4. The method according to claim 3, characterized in that, The work intensity parameters include at least one of the following: number of aquaculture ponds, fish species, and aquaculture cycle; The feeding task includes feeding type, feeding quantity, and feeding strategy information; The inspection task includes information on data collection type, data collection time, and data extraction content.

5. The method according to claim 3, characterized in that, The dynamically generated maintenance strategy set for the aquaculture robot includes: Based on the types and weight of feed consumed in the feeding tasks already completed by the breeding robot, determine the types and weight of feed that need to be replenished. The feeding strategy is determined based on the type and weight of the feed to be supplemented.

6. The method according to claim 3, characterized in that, The dynamically generated maintenance strategy set for the aquaculture robot includes: The charging capacity and charging time are determined based on the remaining battery power of the breeding robot, the estimated energy consumption of the work tasks to be performed, and the occupancy status of the equipment in the maintenance area.
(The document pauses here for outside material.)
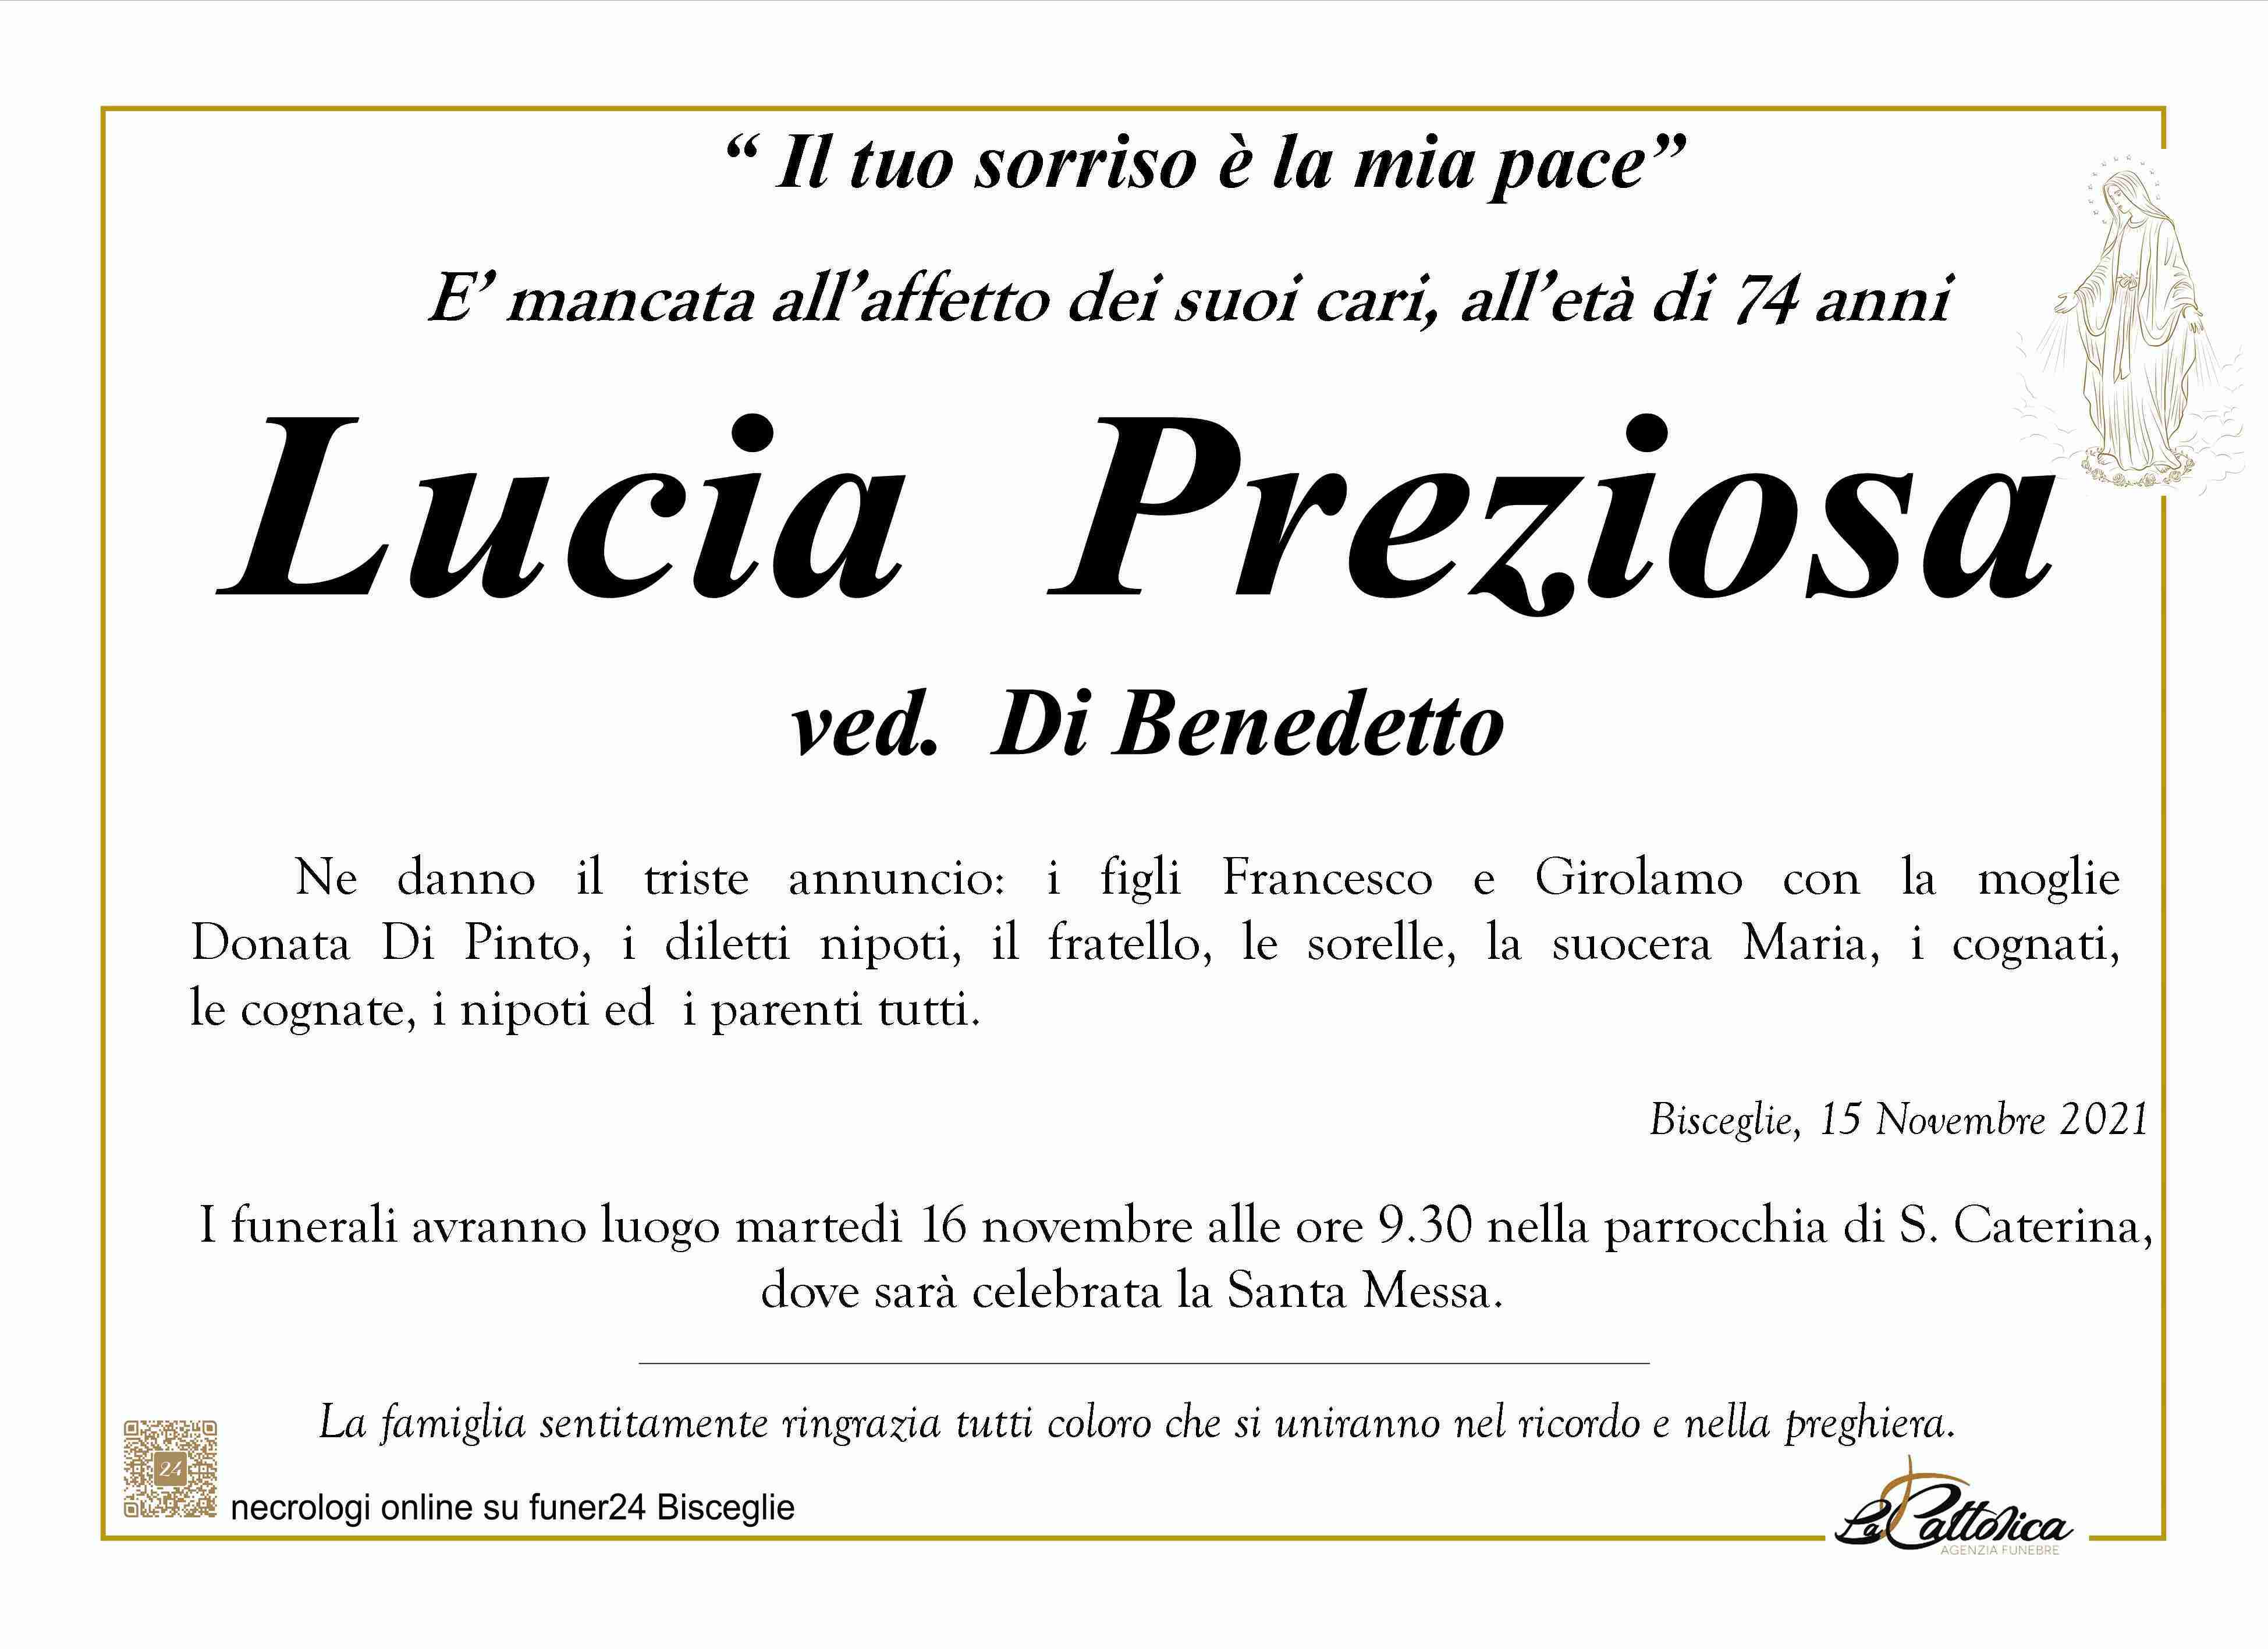 Lucia Preziosa

The charging strategy is determined based on the charging capacity and the charging time.

7. The method according to claim 3, characterized in that, The dynamically generated maintenance strategy set for the aquaculture robot includes: The duration and intensity of the air shower are determined based on the environmental humidity and level of contaminants encountered by the breeding robot during the inspection task. The air shower strategy is determined based on the air shower duration and the air shower intensity.

8. The method according to claim 3, characterized in that, The dynamically generated maintenance strategy set for the aquaculture robot includes: The depth of self-inspection content and the execution time of self-inspection are determined based on the cumulative duration of high-load tasks performed by the breeding robot or the triggering of specific abnormal events. The self-check strategy is determined based on the depth of the self-check content and the self-check execution time.

9. A computer-readable storage medium, characterized in that, The computer-readable storage medium includes a stored program, wherein the program, when executed, performs the method of any one of claims 3 to 8.

10. An electronic device, characterized in that, The electronic device includes: processor; Memory used to store the processor's executable instructions; The processor is configured to read the executable instructions from the memory and execute the instructions to implement the method described in any one of claims 3 to 8.